You fall into the same trap as others have before, these are not synchronous. First, inotify works with paths, and second, it works with a sequence of events. You will have intermediate states which may no longer be valid, e.g. when doing renames. Trying to "synchronize" inotify and DB state have been the source of inconsistent DB states in the past, this will only make things worse.

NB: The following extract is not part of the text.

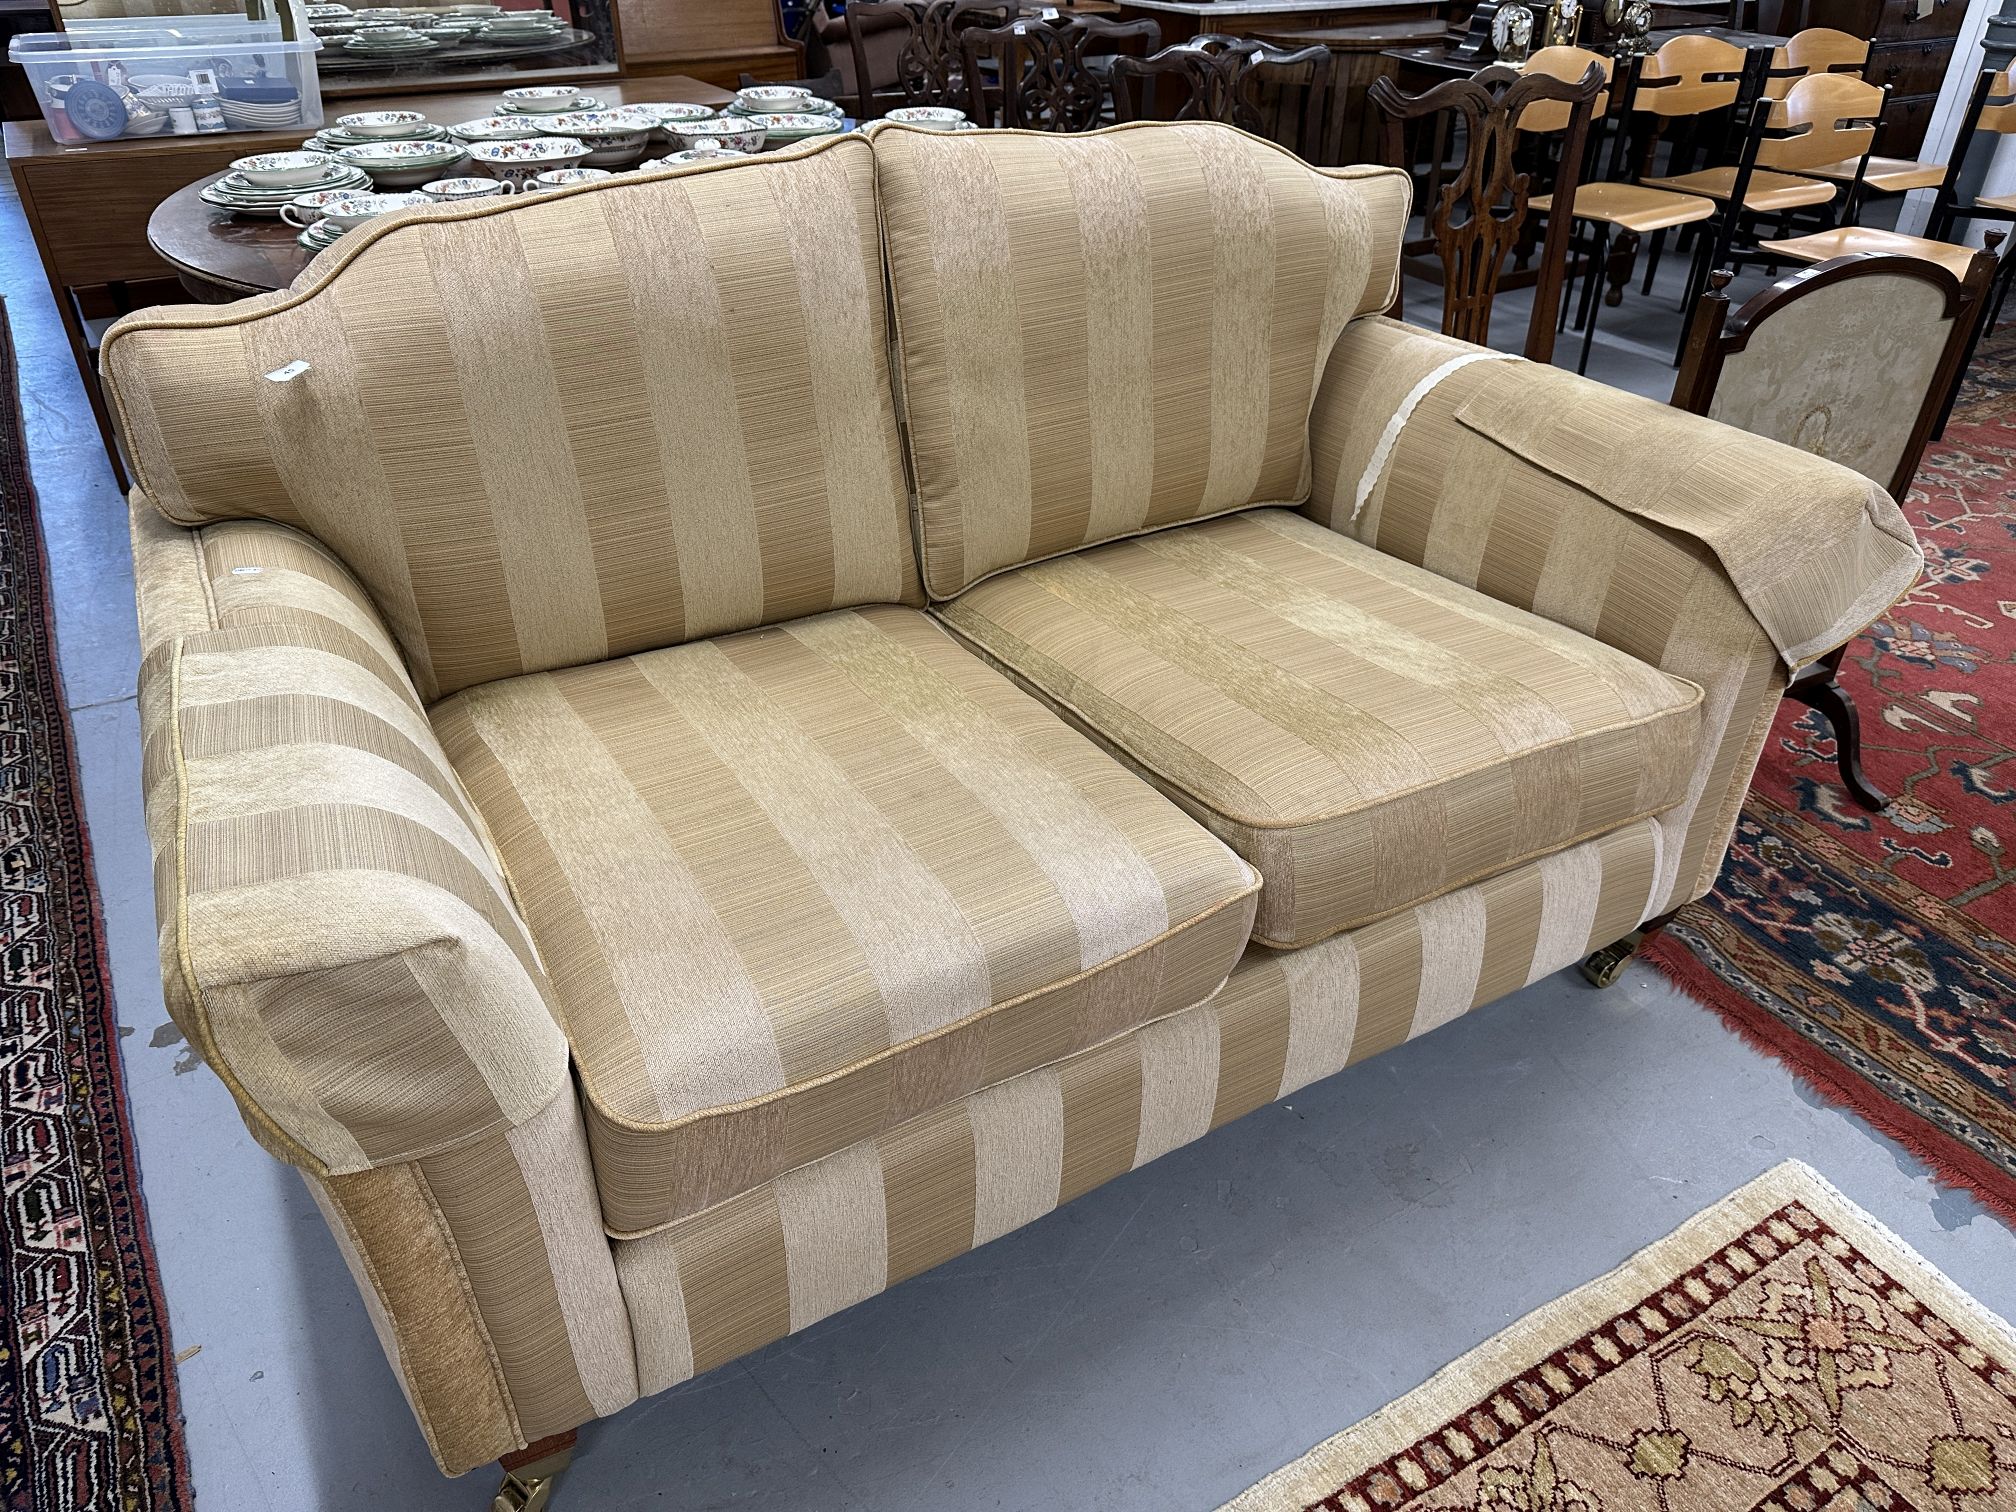 20th cent. Upholstered three-seater sofa, turned supports with cup and cover castors.

The DB must be self-consistent, but may temporarily be in a different state than the FS.

But actually, these comments are off-topic here. This BR is about DB inconsistencies caused by code changes, nothing else.

Comment 13 tagwerk19 2023-12-03 19:29:02 UTC

(In reply to Stefan Brüns from comment #12)
> ... everyone else apparently knows better how Baloo works than me ...
I think when troubleshooting, you get a view of problems from the "outside, in" and that comes with a fair amount of guesswork and assumptions. If you know the code, you see things from the "inside, out".

That's two different ways of "knowing" - it's a question of getting them to meet in the middle.

> ... no guarantee a document in the DB is currently reachable by its path, see network mounts, see thumbdrives, etc ...
That's quite clear.

In this instance though I create a test file, that triggers an iNotify, and baloo indexes it - without the parent directory being in the index (with the right DocID anyway).

> ... First, inotify works with paths, and second, it works with a sequence of events ...
Yes. I've seen, with inotifywait, some of the holes you can fall into (for example when a move is done with a "link/unlink") and can see that you could get synchronisation issues. 

I am pretty sure that is not happening here though. For what it is worth, I did the tests with and without content indexing enabled.

> ... This BR is about DB inconsistencies caused by code changes, nothing else.
The thread has drifted, apologies for that. I think I posted to the wrong thread to start with.